# Experience Requirements for Delaware PE App



## gfreeman (Feb 26, 2010)

Does anyone know how the experience requirement works for Delaware? I have worked full time for 5 years now at a land developement firm performing the same duties as other EIT's, but only just graduated and passed the FE in April 2009. The letter of the law does not state directly, nor does the summary of the law on the DAPE website, that the 4 years of experience be completed after passing the FE as it does in other surrounding states.

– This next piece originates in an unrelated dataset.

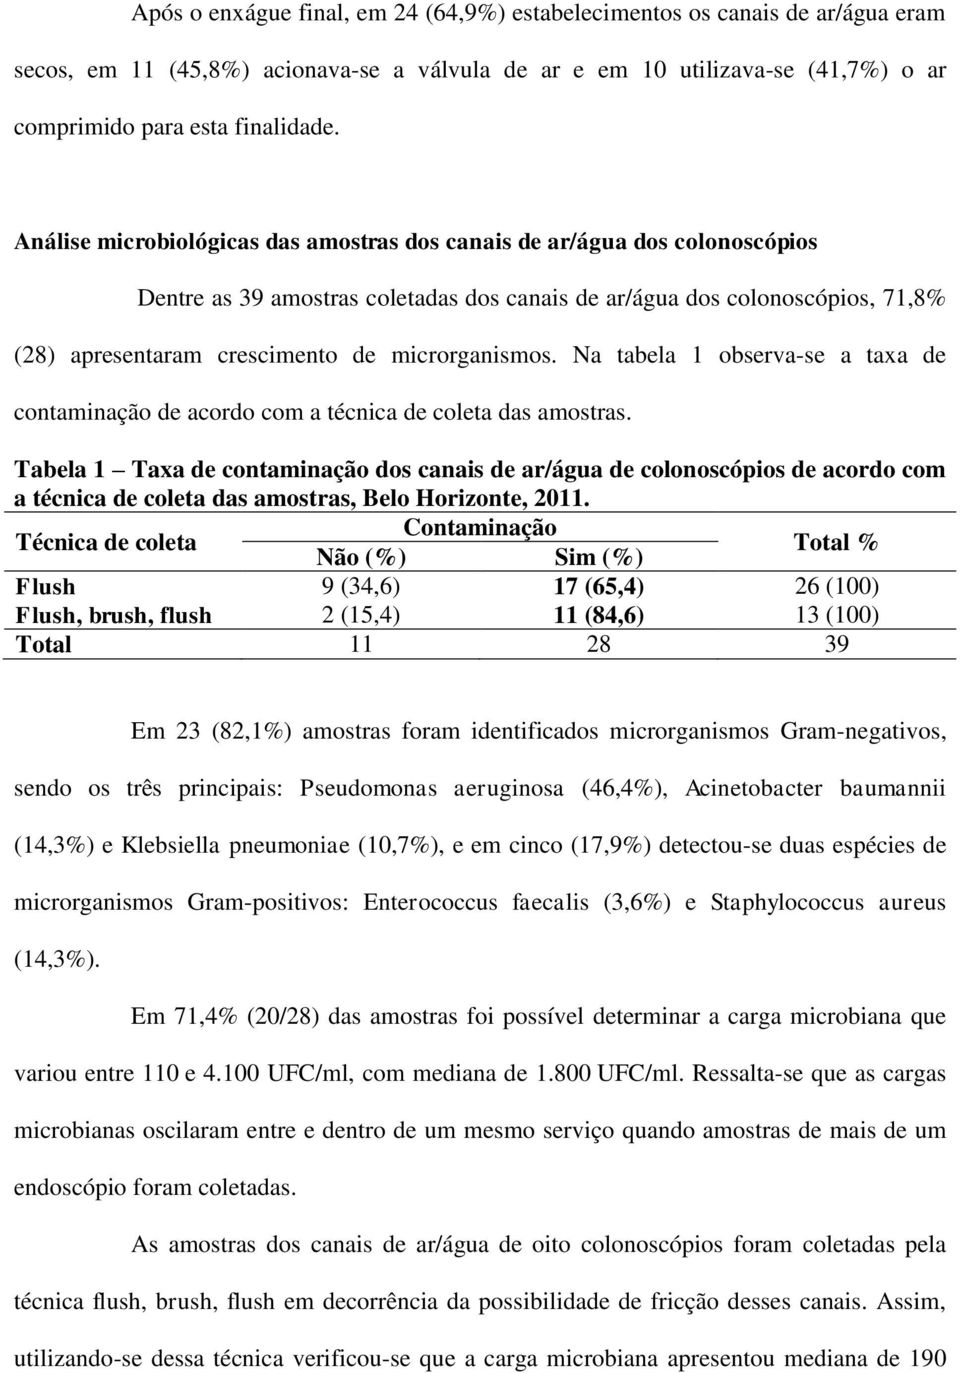 microrganismos. Na tabela 1 observa-se a taxa de contaminação de acordo com a técnica de coleta das amostras.

Has anyone out there had success getting approved to take the exam using work experience achieved prior to passing the FE? I can get the proper licensed professionals to verify the work so that part would not be a problem.


----------



## picusld (Mar 1, 2010)

gfreeman said:


> Does anyone know how the experience requirement works for Delaware? I have worked full time for 5 years now at a land developement firm performing the same duties as other EIT's, but only just graduated and passed the FE in April 2009. The letter of the law does not state directly, nor does the summary of the law on the DAPE website, that the 4 years of experience be completed after passing the FE as it does in other surrounding states.
> Has anyone out there had success getting approved to take the exam using work experience achieved prior to passing the FE? I can get the proper licensed professionals to verify the work so that part would not be a problem.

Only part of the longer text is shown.